Problem to solve:
When you reach the line with "Rastar Машина на радиоуправлении 1:14", transcribe it and each line after it through the last one below, exactly. Pictures stay out.

Input data:
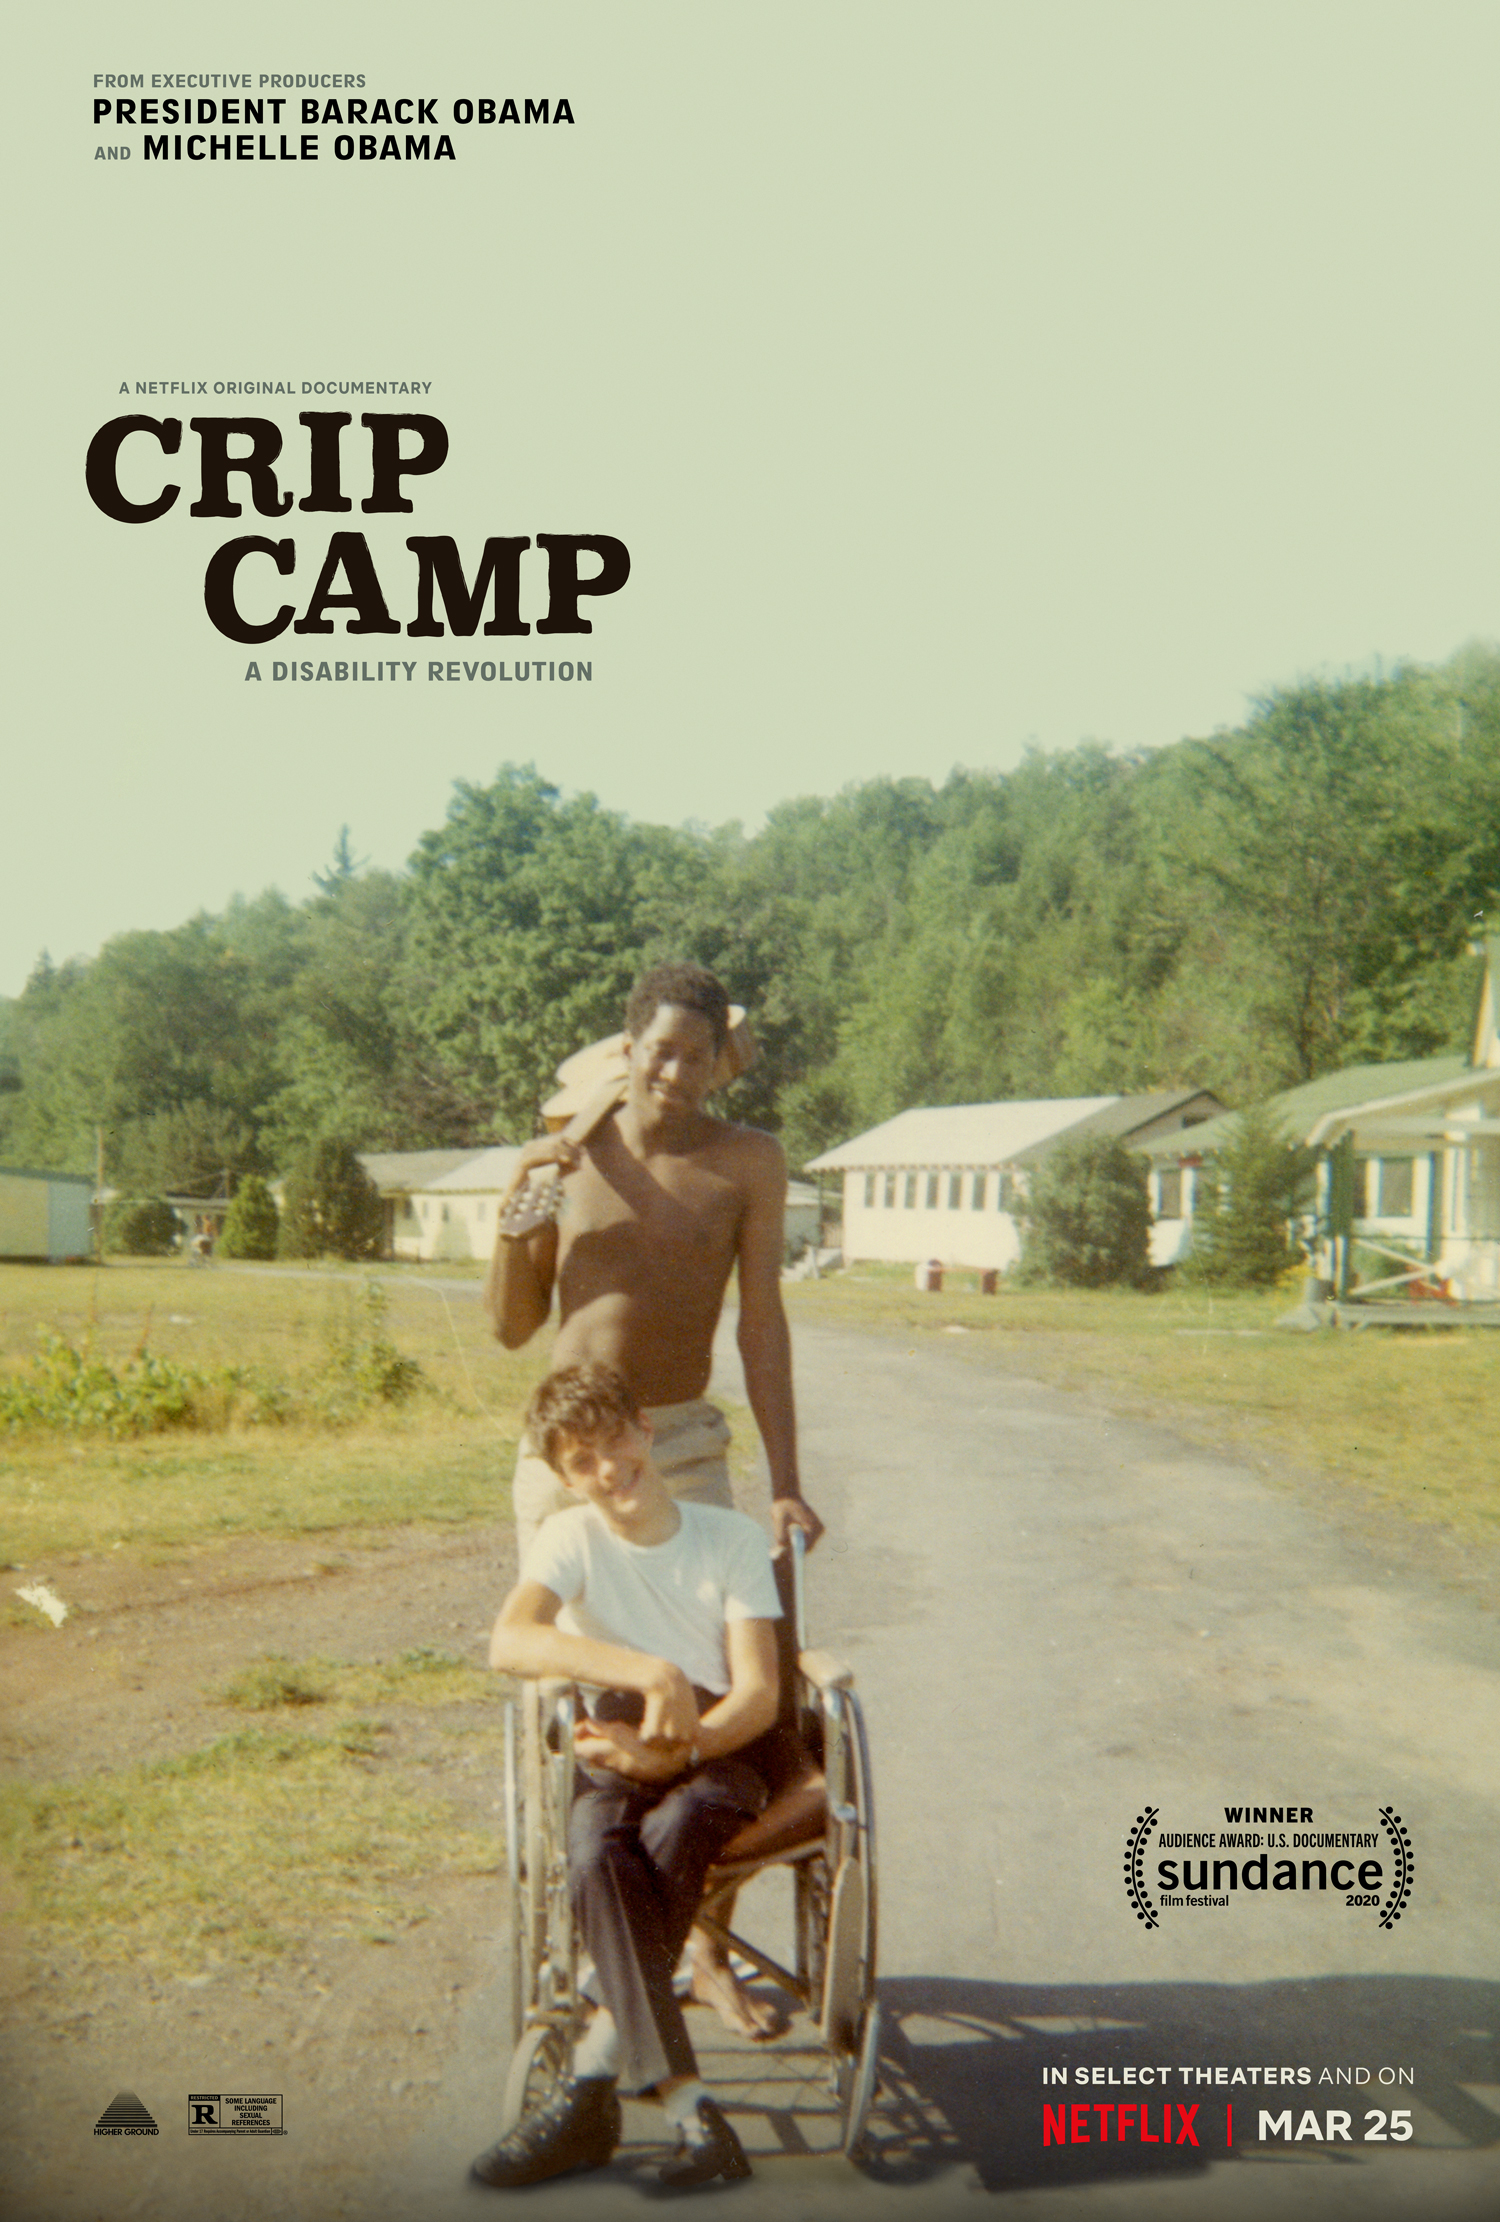 Nonton film Crip Camp layarkaca21 indoxx1 ganool online streaming terbaru
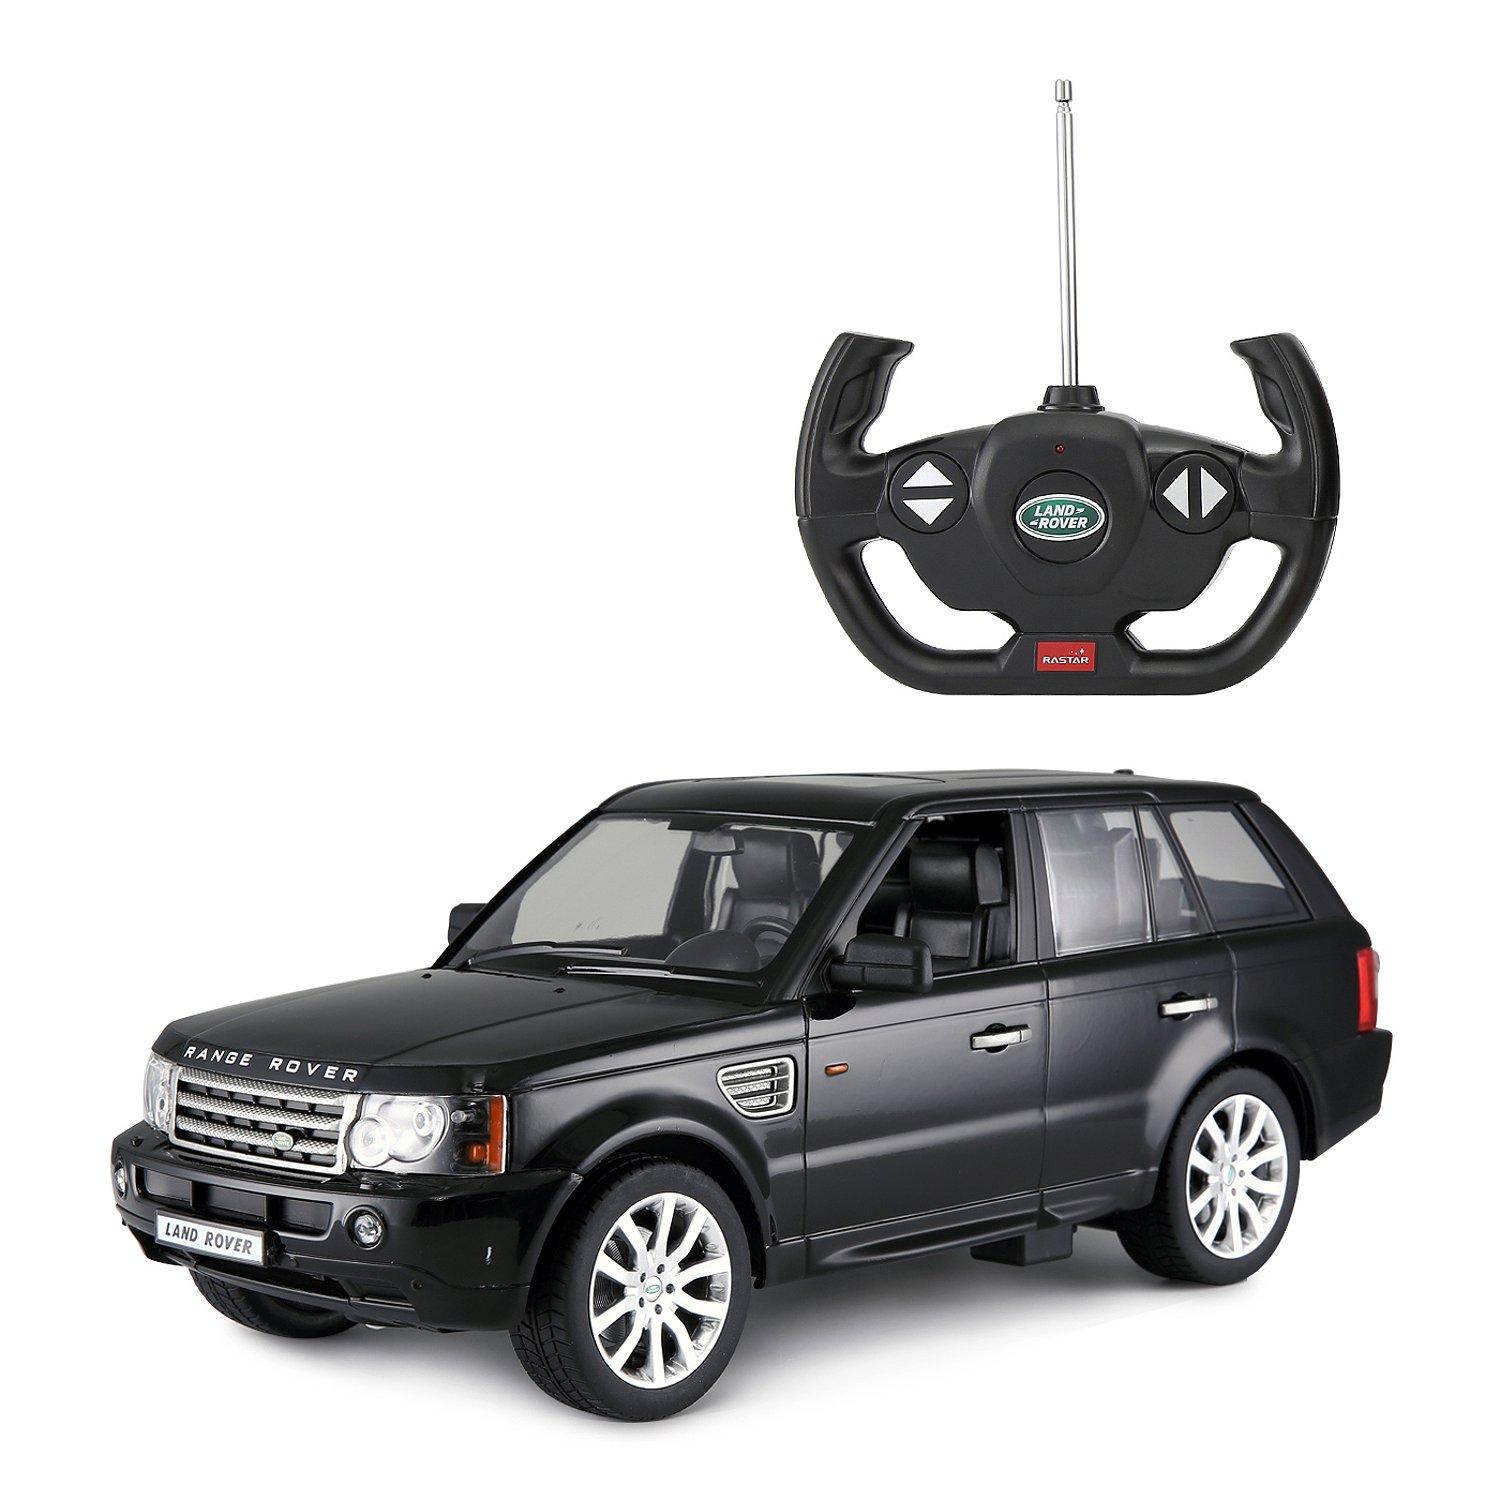 Rastar Машина на радиоуправлении 1:14 Range Rover Sport, цвет – черный rastar машина на радиоуправлении mini 1 24
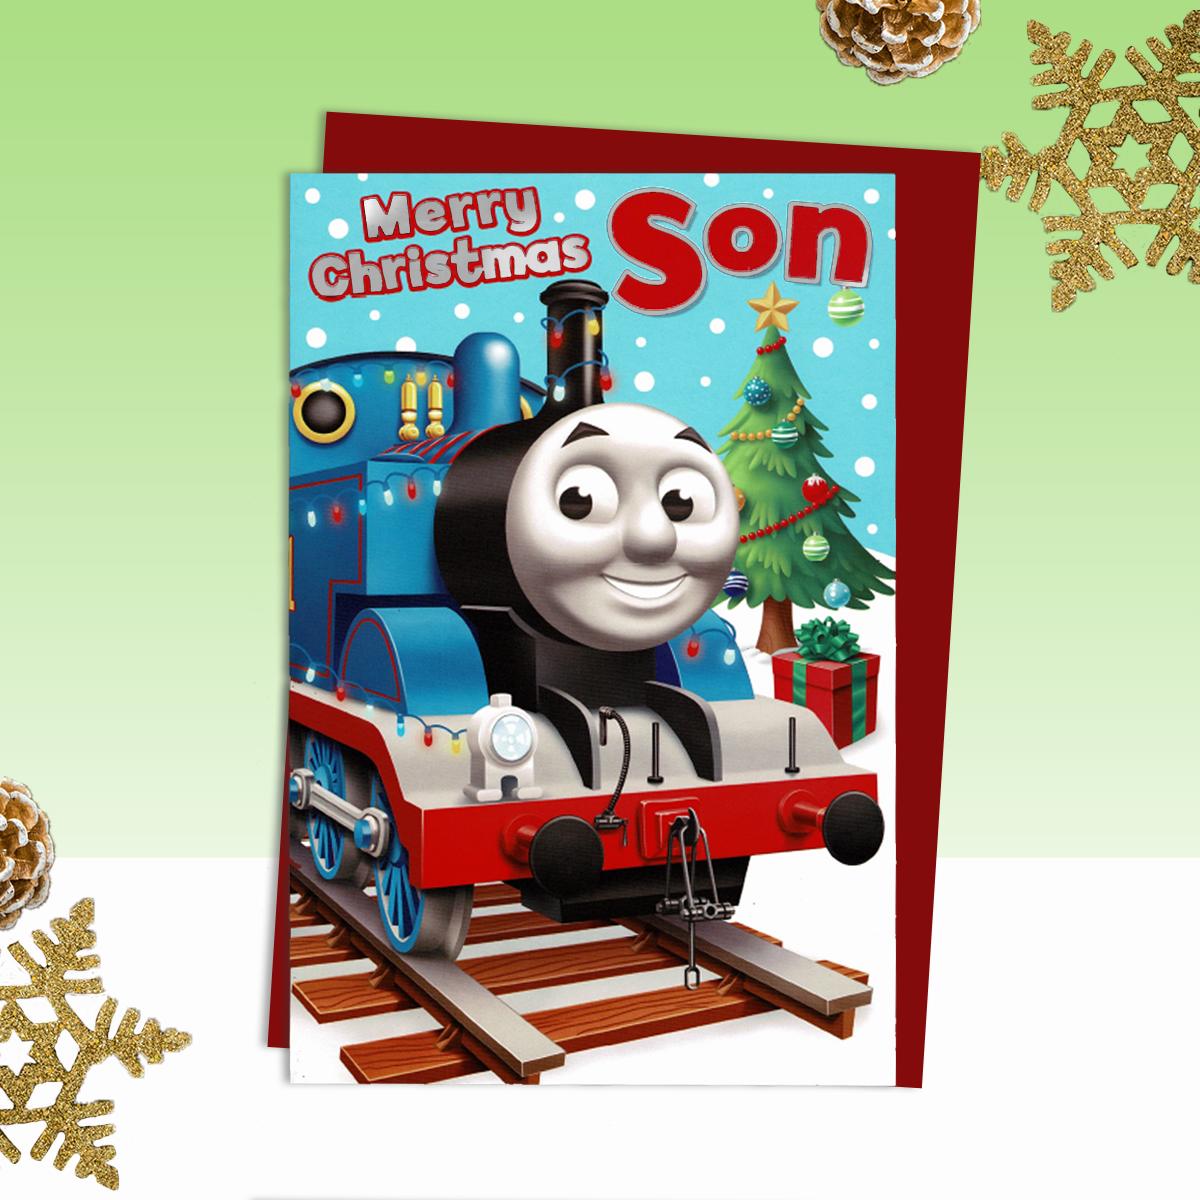 Son Thomas Christmas Card Alongside Its Red Envelope

Answer below:
 Rastar Машина на радиоуправлении 1:14 Range Rover Sport, цвет – черный rastar машина на радиоуправлении mini 1 24
 Son Thomas Christmas Card Alongside Its Red Envelope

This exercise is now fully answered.